Interkoneksi Operator Yang Sulit Konek

sinyal.co.id

 

foto: ist

foto: ist

SEBULAN terakhir ini hiruk pikuk dunia telekomunikasi Indonesia sulit dipahami oleh masyarakat umum. Awal Agustus lalu ada surat edaran (SE) Menteri Komunikasi dan Informatika (Kominfo) soal penurunan tarif interkoneksi rata-rata 26 persen dengan 18 skema panggilan telepon tetap dan seluler.

Penurunan tarif interkoneksi yang hanya Rp 46/menit dari Rp 250 ke Rp 204, sangat tidak masuk akal bagi masyarakat, kenapa sampai diributkan. Tarif ini sebelumnya sudah turun, pada tahun 2010 dari Rp 260/menit menjadi Rp 251/menit dan tahun 2013 turun lagi menjadi Rp 250/menit.

Apakah ini jumlah yang besar jika dihitung, misalnya, interkoneksi (panggilan dari operator satu ke operator lain) ke Telkomsel sebesar 53 miliar per menit, ke Indosat 14 miliar per menit dan ke XL sejumlah 9 miliar per menit. Jumlah panggilan ke operator sebaliknya tidak terlalu beda dan penerimaan masing-masing pada 6 bulan pertama tahun 2016 mencapai Rp 8,9 triliun, Indosat Rp 1,9 triliun dan XL Rp 2 triliun.

Biaya pembangunan yang digunakan untuk perhitungan interkoneksi tiap operator berbeda. Telkomsel terbesar dengan Rp 285/menit, Indosat Rp 87/menit, XL sekitar Rp 65/menit dan Tri Rp 120/menit, sehingga walaupun ditunda, XL akan memperlakukan tarif interkoneksi sekitaran Rp 100/menit.

Catatan dari laporan keuangan 2 operator tahun lalu menyebutkan, XL Axiata menerima hasil dari interkoneksi sebesar Rp 100 miliar (net receiver) tetapi Kelompok Telkom termasuk Telkomsel minus (net payer) Rp 75 miliar. Sementara pendapatan Kelompok Telkom sekitar Rp 110 triliun dan XL Axiata sekitar Rp 26 triliun.

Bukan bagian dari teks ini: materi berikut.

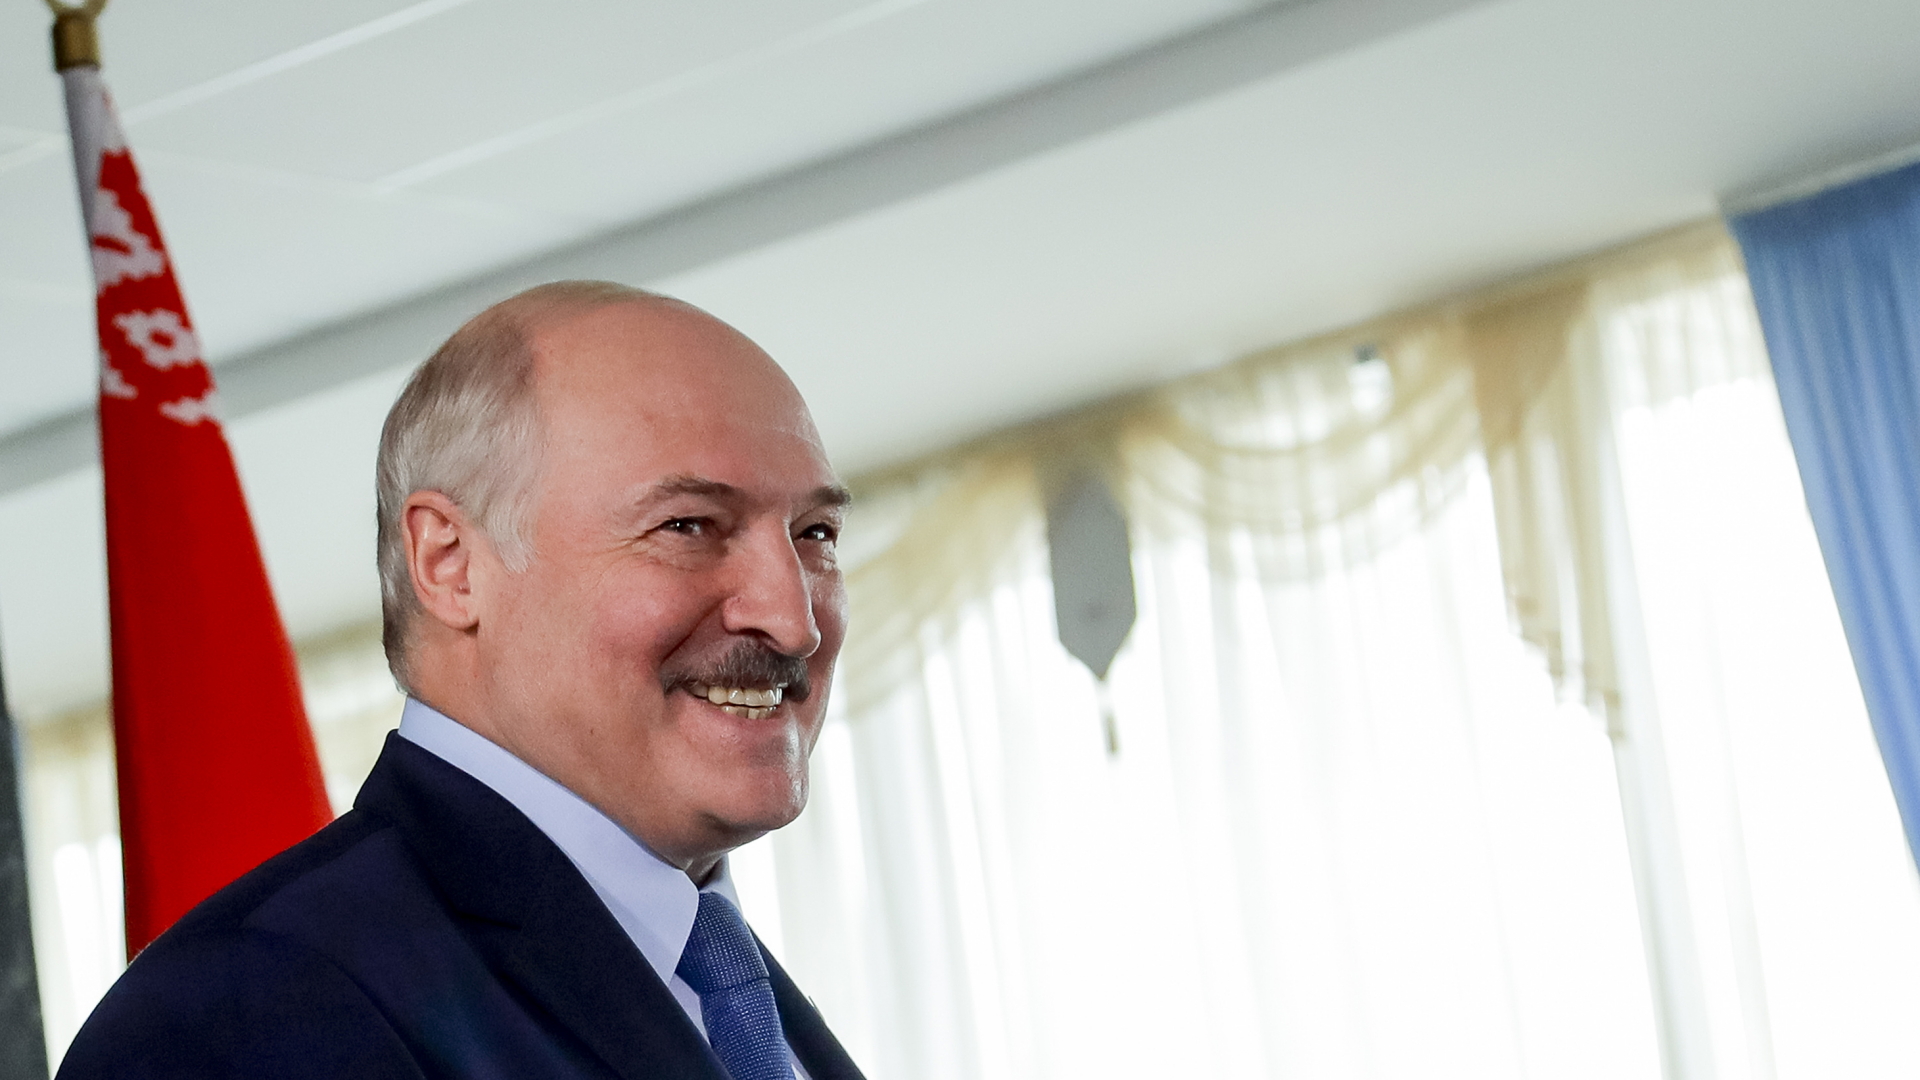 Der belarussische Präsident Alexander Lukaschenko grinst am Wahltag in die Kameras. | dpa

Keributan sebenarnya hanya terjadi karena Kelompok Telkom menolak hitungan yang tercantum di SE Menkominfo 2 Agustus 2016, karena asas yang digunakan adalah perhitungan simetris, tarif ditetapkan sama untuk semua operator. BUMN itu menghendaki hitungan berdasarkan asimetris, yang lebih banyak membangun tarifnya lebih besar dibanding operator yang lebih sedikit.

Sebagai gambaran, Telkomsel dari Kelompok Telkom dengan jumlah pelanggan 153,6 juta memiliki 110.000 BTS (base tranceiver station), Indosat dengan 70 juta pelanggan punya 52.300 BTS dan XL Aciata dengan 42,5 juta pelanggan mengoperasikan hampir 60 ribu BTS. Dengan jumlah terbanyak BTS yang berarti menjangkau kawasan lebih luas di Indonesia, Telkomsel mengklaim biaya pembangunannya jauh lebih besar dari operator lain sehingga wajar kalau biaya interkoneksinya tidak turun.

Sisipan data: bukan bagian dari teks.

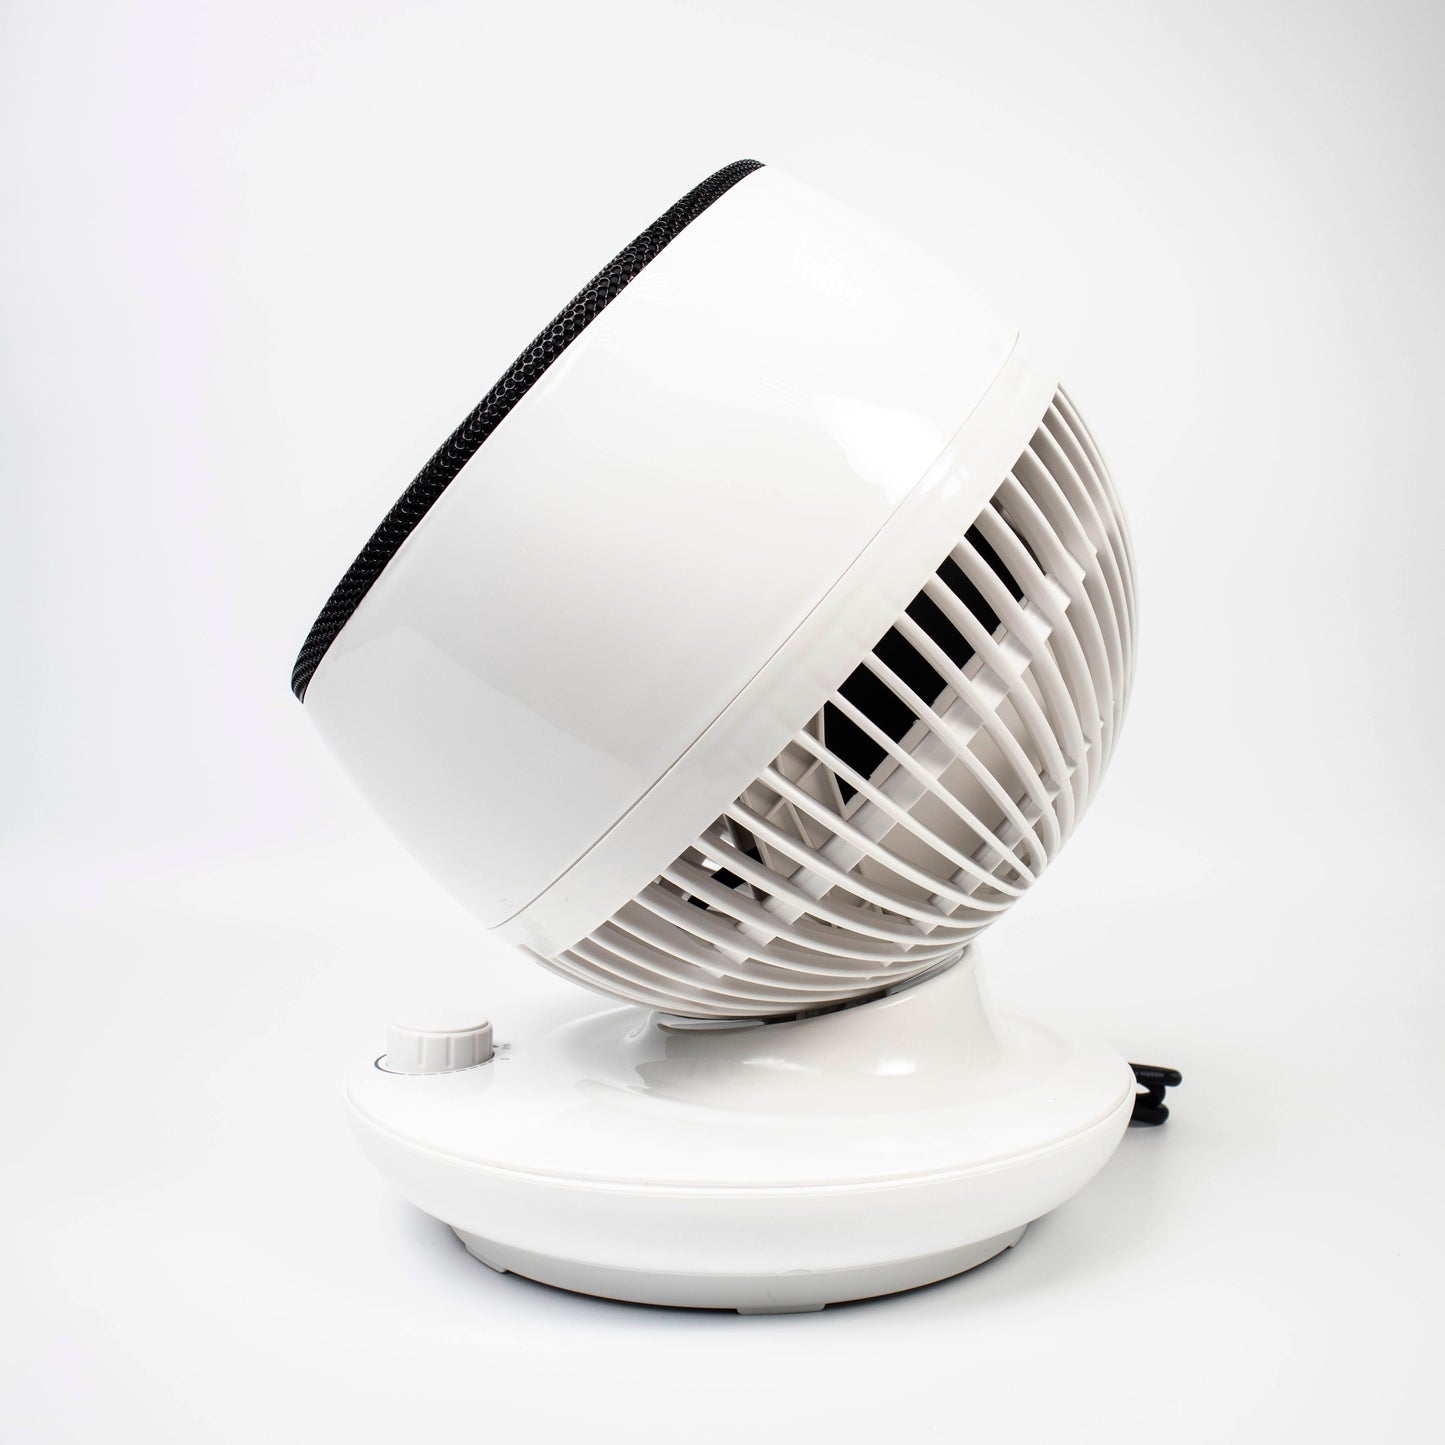 SOLMIRA® Calefactor Cerámico, Blanco, Bajo Consumo, Inclinable 90°, Control de Temperatura, Certificado CE y RoHS

Perhitungan besaran tarif interkoneksi disepakati dihitung berdasarkan biaya (cost base) seperti tertuang dalam Peraturan Menteri Kominfo No 8 tahun 2006. Jadi pelanggan Indosat akan membayar lebih mahal jika menelepon ke pelanggan Telkomsel dibanding sebaliknya, karena biaya pembangunan yang berbeda jauh. Di sisi lain, operator incumbent (petahana) seharus lebih efisien dan menawarkan tarif interkoneksi yang lebih murah karena makin luasnya jaringan dan makin murah harga teknologi (BTS dan sebagainya).

Lebih banyak ke SingTel

Selama ini, operator lain – PT Indosat, PT XL Axiata, PT Hhutchison Tri Indonesia dan PT Smartfren Telecom – dikatakan hanya mau membangun di kota-kota Jawa dan Sumatera saja dan di kawasan-kawasan yang pasarnya bagus. Tetapi Telkomsel memang selain di kawasan yang prospeknya bagus juga aktif membangun di daerah pinggiran, terluar dan termiskin.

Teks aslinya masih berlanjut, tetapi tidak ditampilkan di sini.